Press Release - 04 October 2006

Free lecture: Linda & Ada - what is the Lovelace connection?

Local people can separate the facts from the myths and urban legends that surround the evolution of computers and computer languages in a free lecture at the University of Bath in Swindon on Wednesday 11 October.

In his talk Dr Ben Bennett, a director at Intel, will take a random walk through the development of computers and computer languages and stop to look at the facts, the hardware, the myths and urban legends around them.

In his talk Dr Bennett will look at the evolution of the computer and computer languages, starting from Neolithic times and moving, very rapidly, to the 19th century where Charles Babbage laid down the blueprints for the first programmable computer.

It will look at Babbage's links with Byron's daughter, Ada Lovelace, and trace how weaving and the size of a dollar bill are inextricably linked with the formation of IBM. It will conclude with looking at how computers (and languages) are evolving and just what America's most famous pornographic actresses has to do with the University of Yale's computing department...

"This talk is a light-hearted meander through computing technology," said Dr Bennett. "It's not too serious, with a lot of irreverence thrown in, but I hope it will be a starting point for people to go off and look at all things computing in a different way."

Ben Bennett's work at Intel is focused on developing extremely large parallel computers of the future but he feels that there is a lot to be learnt from looking at computing history.

Intel has a close association with the National Museum of Science & Technology and many of the hardware artefacts referred to in Dr Bennett's talk are housed at the Science Museum with a large number of other important computing milestones stored at the large object storage facility at the Science Museum, Wroughton.

Ben Bennett is a director of Intel's High Performance Computing Programs Office, based in Swindon.
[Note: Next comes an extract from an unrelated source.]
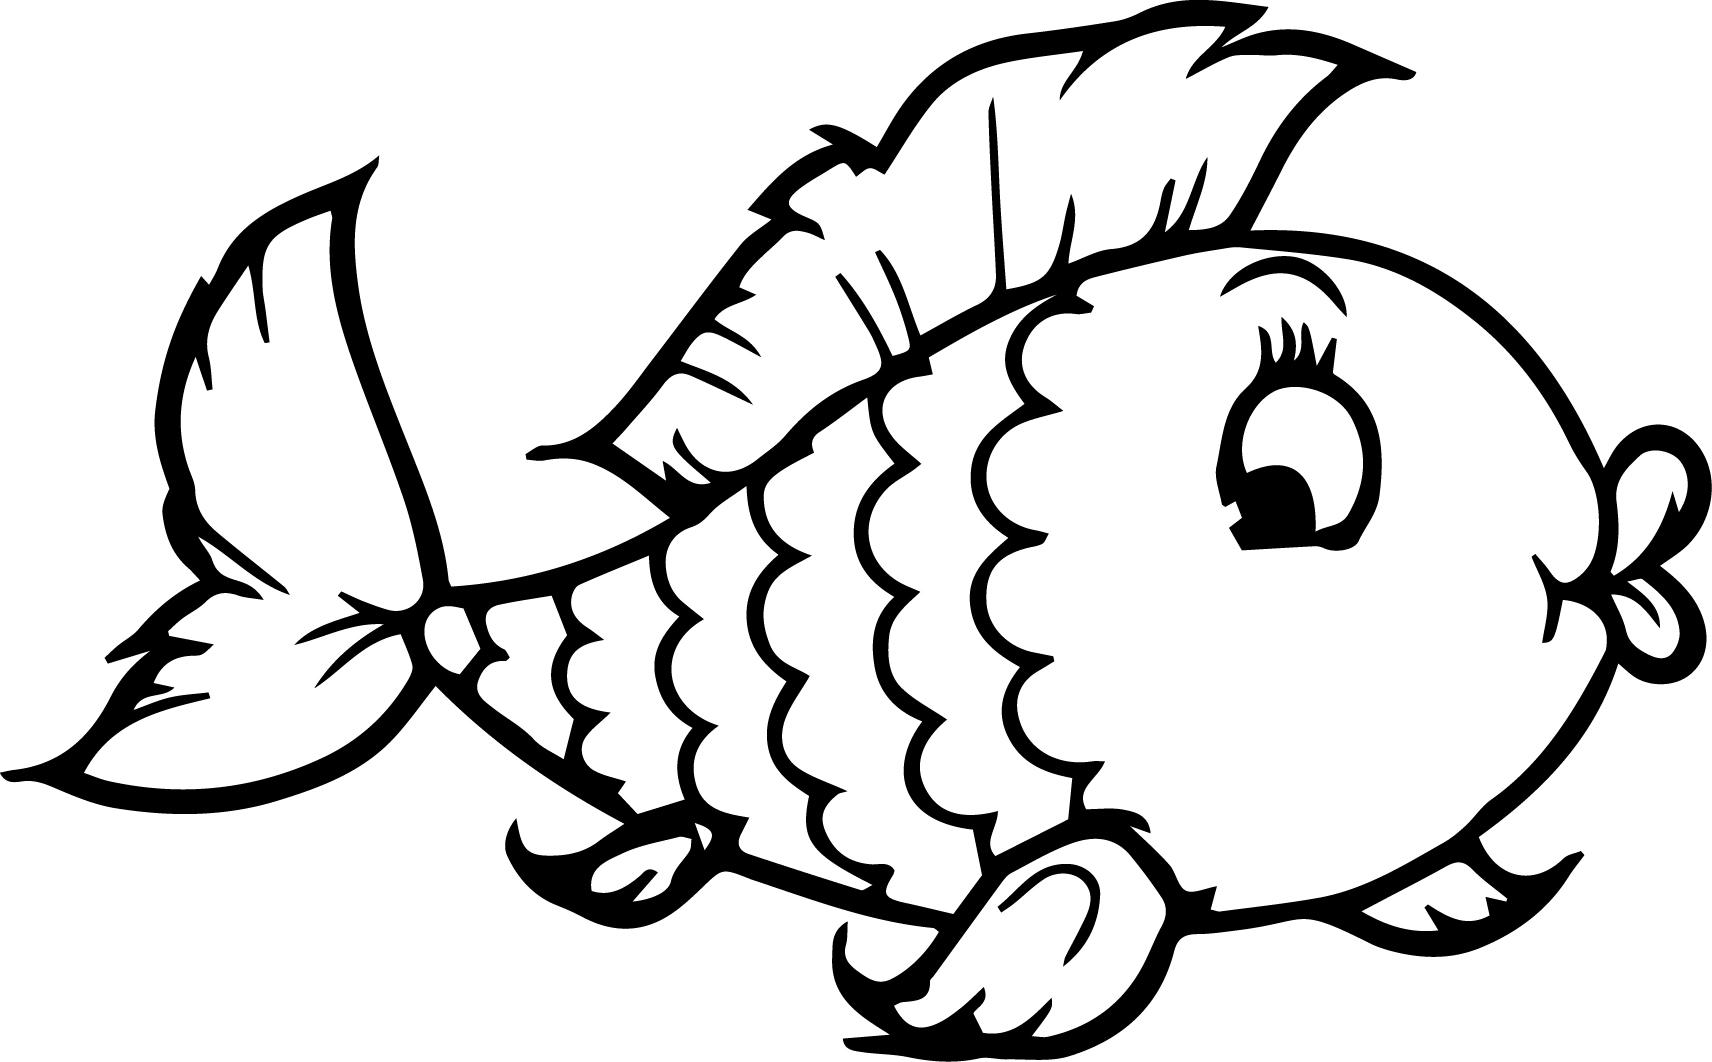 fish coloring for kids cartoon fish girl coloring page sheet wecoloringpagecom kids fish for coloring

He has worked for Intel in Swindon and in the United States for sixteen years. He was previously a lecturer at Huddersfield University, teaching a broad electrical and electronic engineering syllabus, with research interests in electronic music synthesis and parallel programming techniques.

Admission and parking for the lecture is free and people can just turn up on the evening. The lecture runs from 5.30pm until 6.30pm in the main hall at the Oakfield campus.